Technical snowmaking on the Gemsstock. (Photo: Valentin Luthiger)
Technical snowmaking on the Gemsstock. (Photo: Valentin Luthiger)

Swiss scientists investigate skiing over the Christmas holidays with snowmaking

For many people in Switzerland, holidays in the snow are as much a part of the end of the year as Christmas trees and fireworks. As global warming progresses, however, white slopes are becoming increasingly rare. Researchers at the University of Basel have calculated how well one of Switzerland’s largest ski resorts will remain snow reliable with technical snowmaking by the year 2100, and how much water this snow will consume.

The future for ski sports in Switzerland looks anything but rosy – or rather white. Current climate models predict that there will be more precipitation in winter in the coming decades, but that it will fall as rain instead of snow. Despite this, one investor recently spent several million Swiss francs on expanding the Andermatt-Sedrun-Disentis ski resort. A short-sighted decision they will regret in the future?
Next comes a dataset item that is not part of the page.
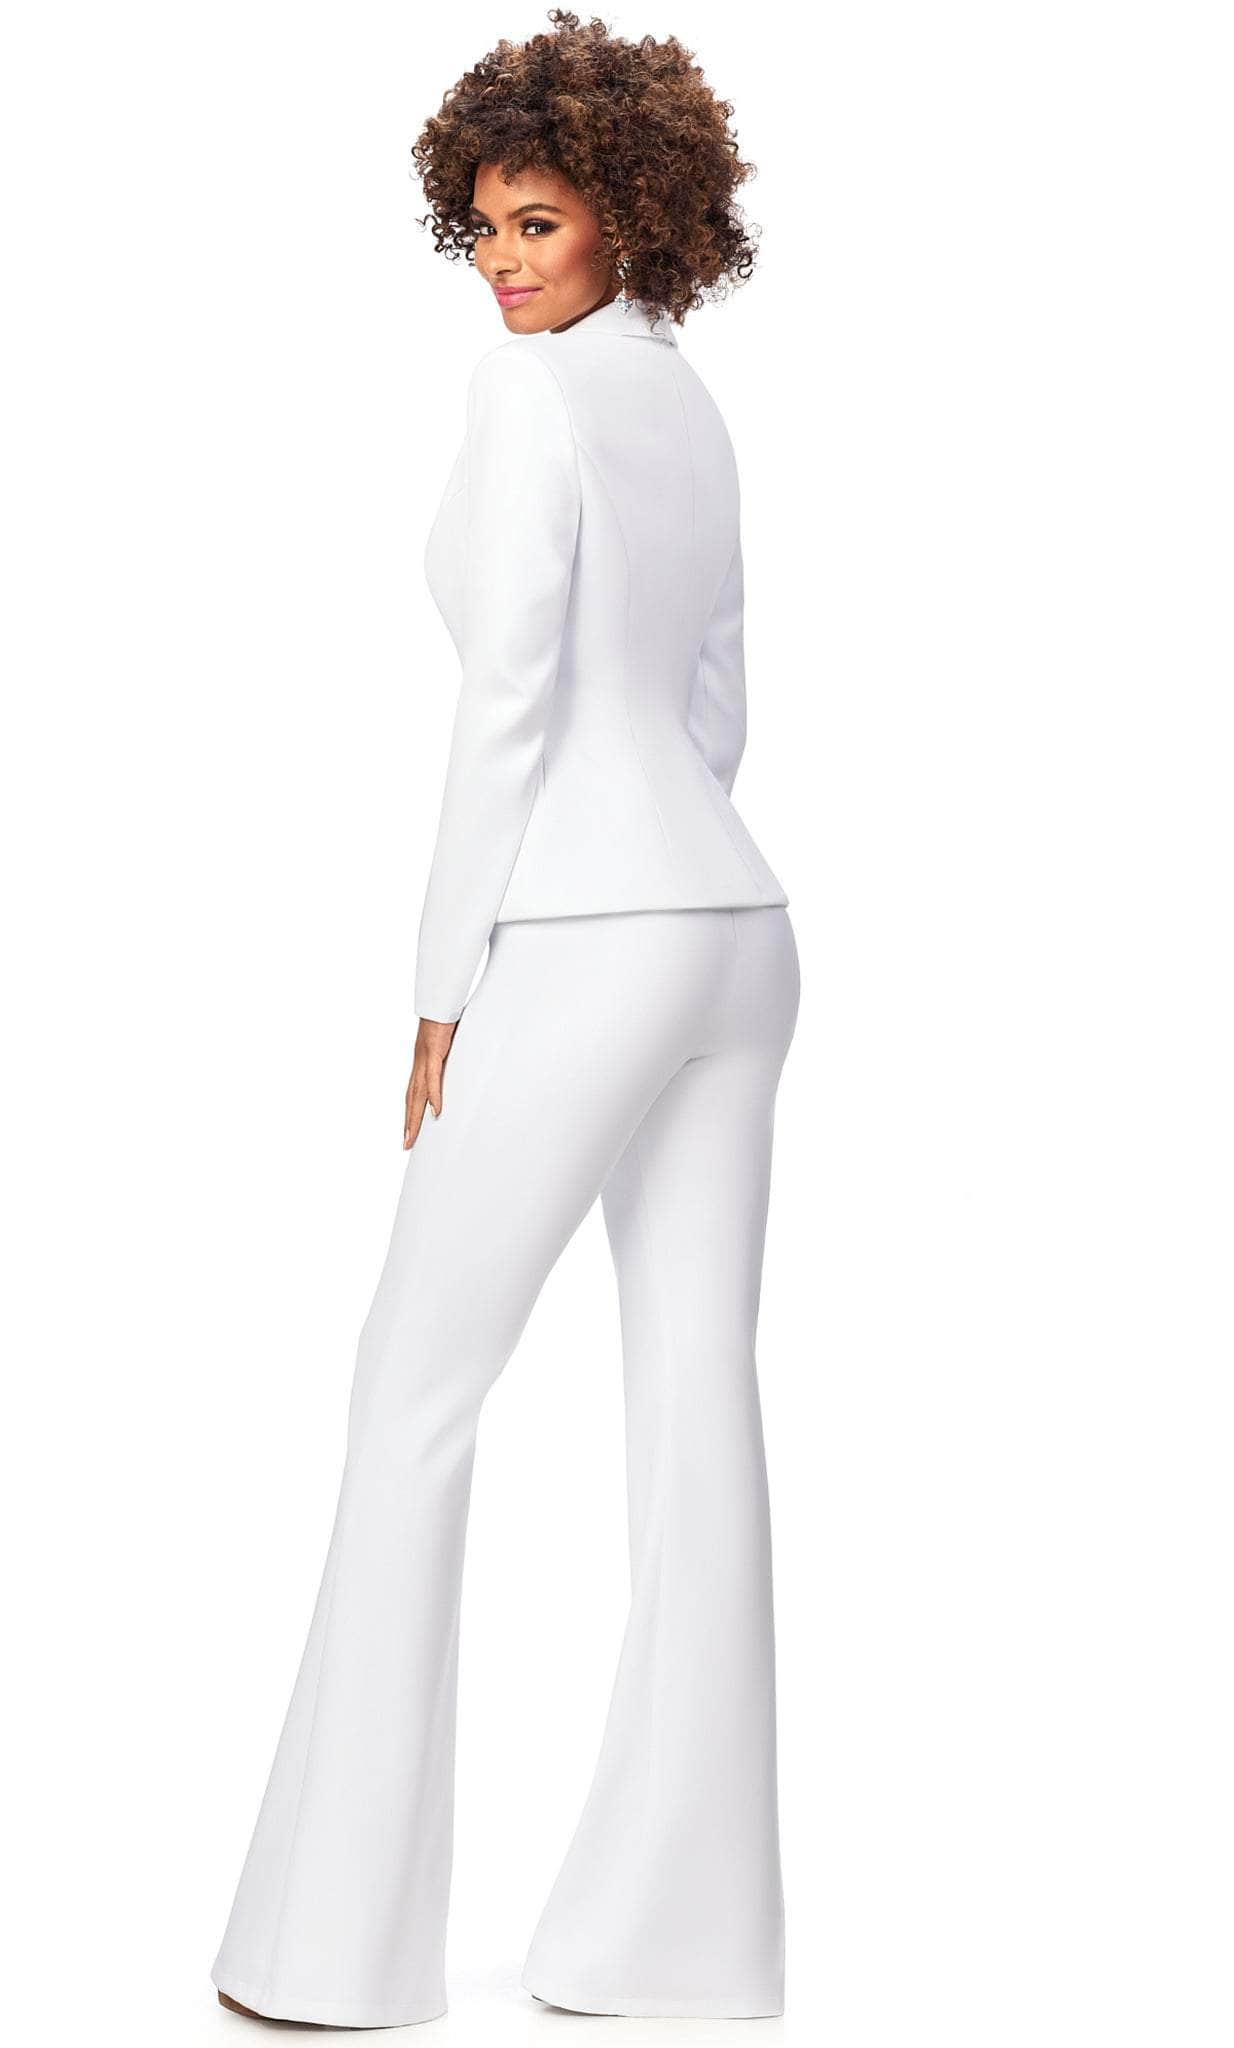 Ashley Lauren 11225 - Two Piece Long Sleeve Pantsuit Special Occasion Dress

A research team led by Dr. Erika Hiltbrunner from the Department of Environmental Sciences at the University of Basel has now calculated the extent to which this ski resort can maintain its economically important Christmas holidays and a ski season of at least 100 days with and without snowmaking. The team collected data on the aspects of the slopes, where and when the snow is produced at the ski resort, and with how much water. They then applied the latest climate change scenarios (CH2018) in combination with the SkiSim 2.0 simulation software for projections of snow conditions with and without technical snowmaking. The results of their investigations were recently published in the International Journal of Biometeorology.

No guarantee of a white Christmas

According to the results, the use of technical snow can indeed guarantee a 100-day ski season – in the higher parts of the ski resort (at 1,800 meters and above), at least. But business is likely to be tight during the Christmas holidays in coming decades, with the weather often not cold enough at this time and in the weeks before. In the scenario with unabated greenhouse gas emissions, the Sedrun region in particular will no longer be able to offer guaranteed snow over Christmas in the longer term. New snow guns may alleviate the situation to a certain extent, say the researchers, but will not resolve the issue completely.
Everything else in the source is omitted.